Emmaline gave her father a worried glance, and he put a reassuring arm around her shoulder.
“There are some folks in this train who are new to this country. Some of you don’t know that we’re fighting a war back east, North against South, and there’s plenty of hard feelings even out here. Placerton has lots of folk who want the South to win, and plenty more who want the North to come out tops. My advice is to stay away from politics. You can get shot taking sides around here.”
He turned his horse around in a circle and added, “Keep your guns handy. If you got family or friends out here, be sure to settle close to ‘em, or to each other. You’re new out here. Don’t forget it.”

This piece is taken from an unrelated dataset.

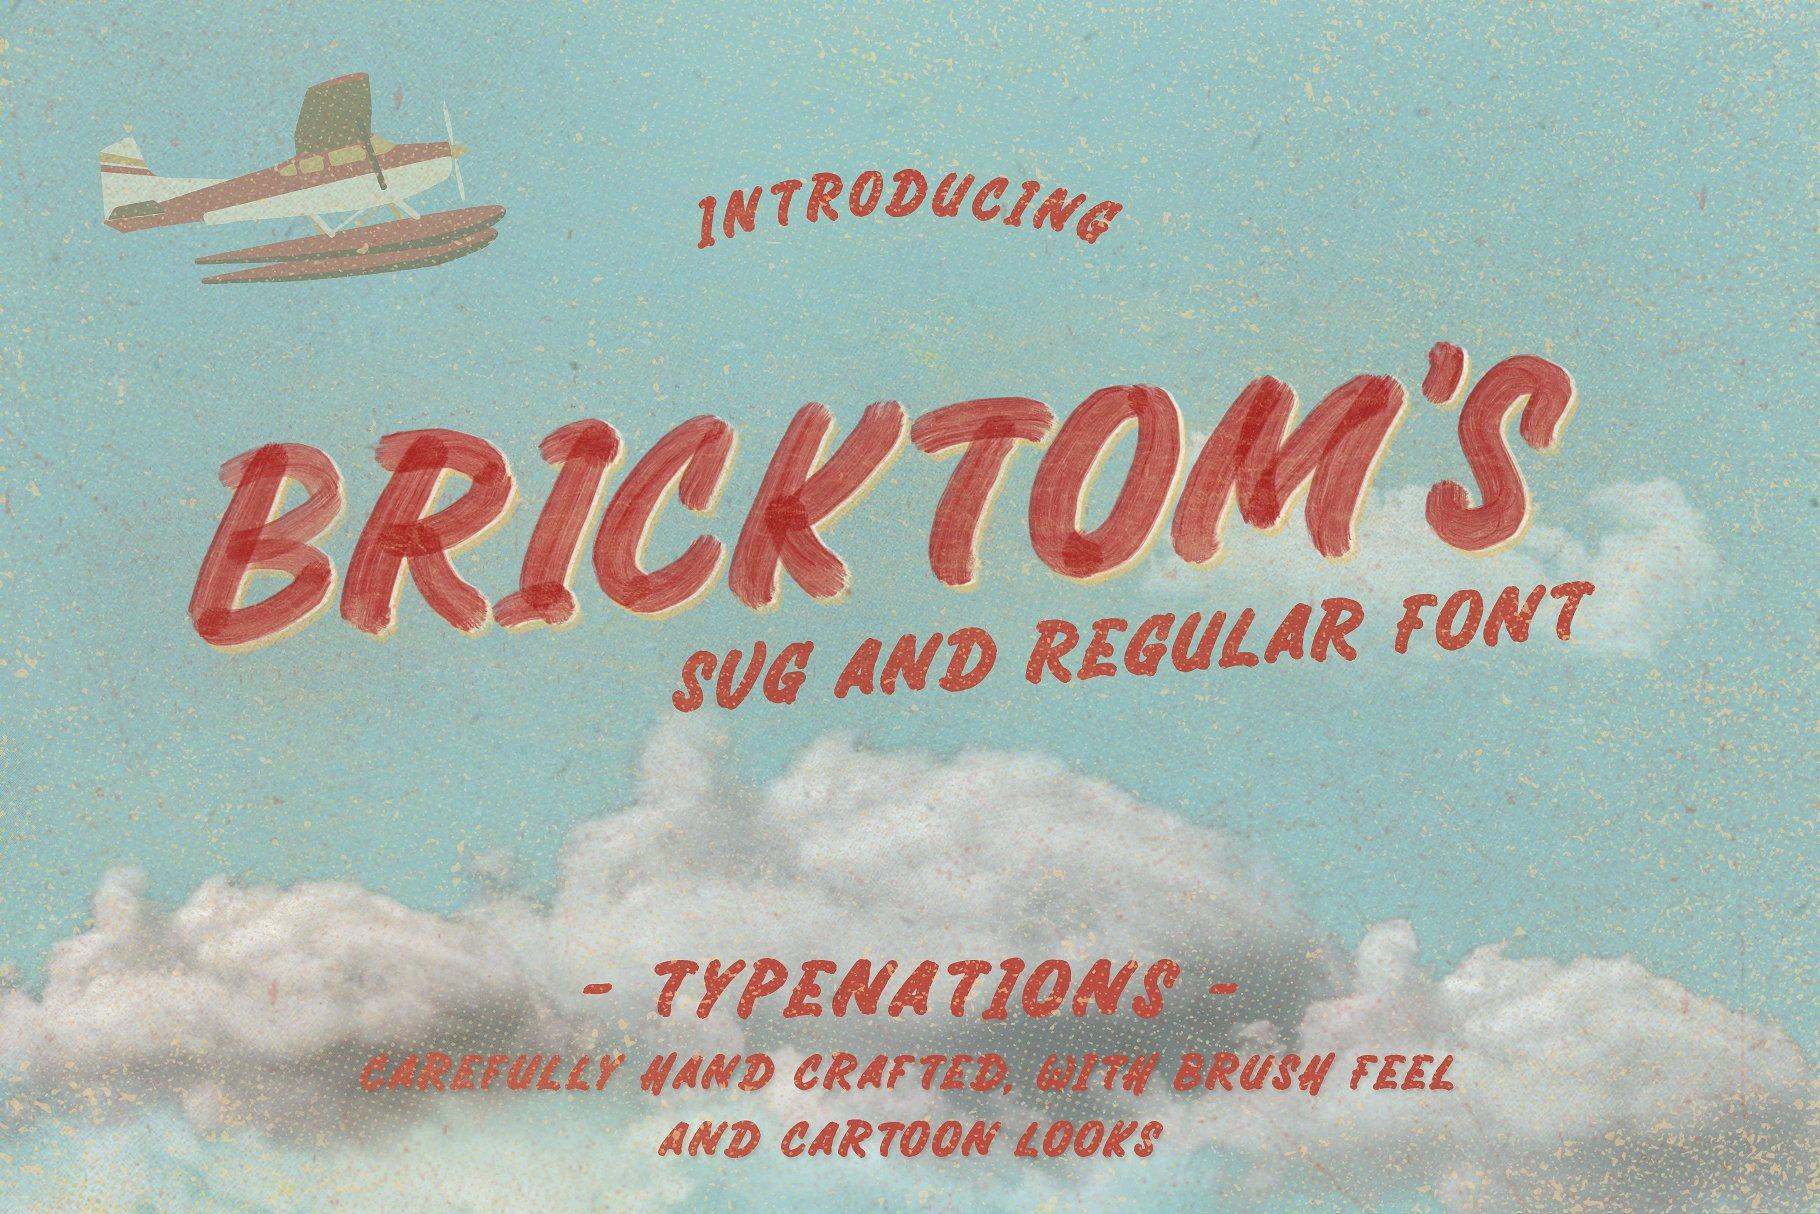 Bricktoms SVG & REGULAR example image 1

He rode out to the north of the meadow and disappeared beyond the ring of wagons, and the circle slowly dispersed as the schooners turned and fell into line to follow.
Emmaline stared after him with a frown. It wasn’t a very encouraging speech, and it made Placerton sound like a den of robbers and violent, angry people.
She was glad her Uncle Heinrich and Aunt Ola and her cousins lived there already and would steer them away from any pitfalls. They would settle in snugly, right next door to their family. Maybe some of their fellow travelers would settle close by, too. There was strength in numbers.
A sound from inside the wagon made Emmaline turn her head, and she was surprised to see her mother sitting on the floor of the wagon behind them. Her expression suggested that she’d heard Mr. O’Keefe’s speech, and her eyes were shadowed and haggard.
But Emmaline seized the opportunity.
“I saved you some breakfast, Mama,” she said softly, reaching for some bread and bacon tied up in a napkin. She twisted around and offered it to Clara, heartened when her mother took it, untied the napkin, and put a biscuit into her mouth.
But Clara said not a word, and Emmaline’s flicker of hope slowly faded into a glowing ember. She wouldn’t let it die, but it was burning at its lowest since they’d arrived in America.
Her mother’s haunted eyes, fixed blankly on some point up ahead, gave her little reason to imagine that things would go back to normal soon.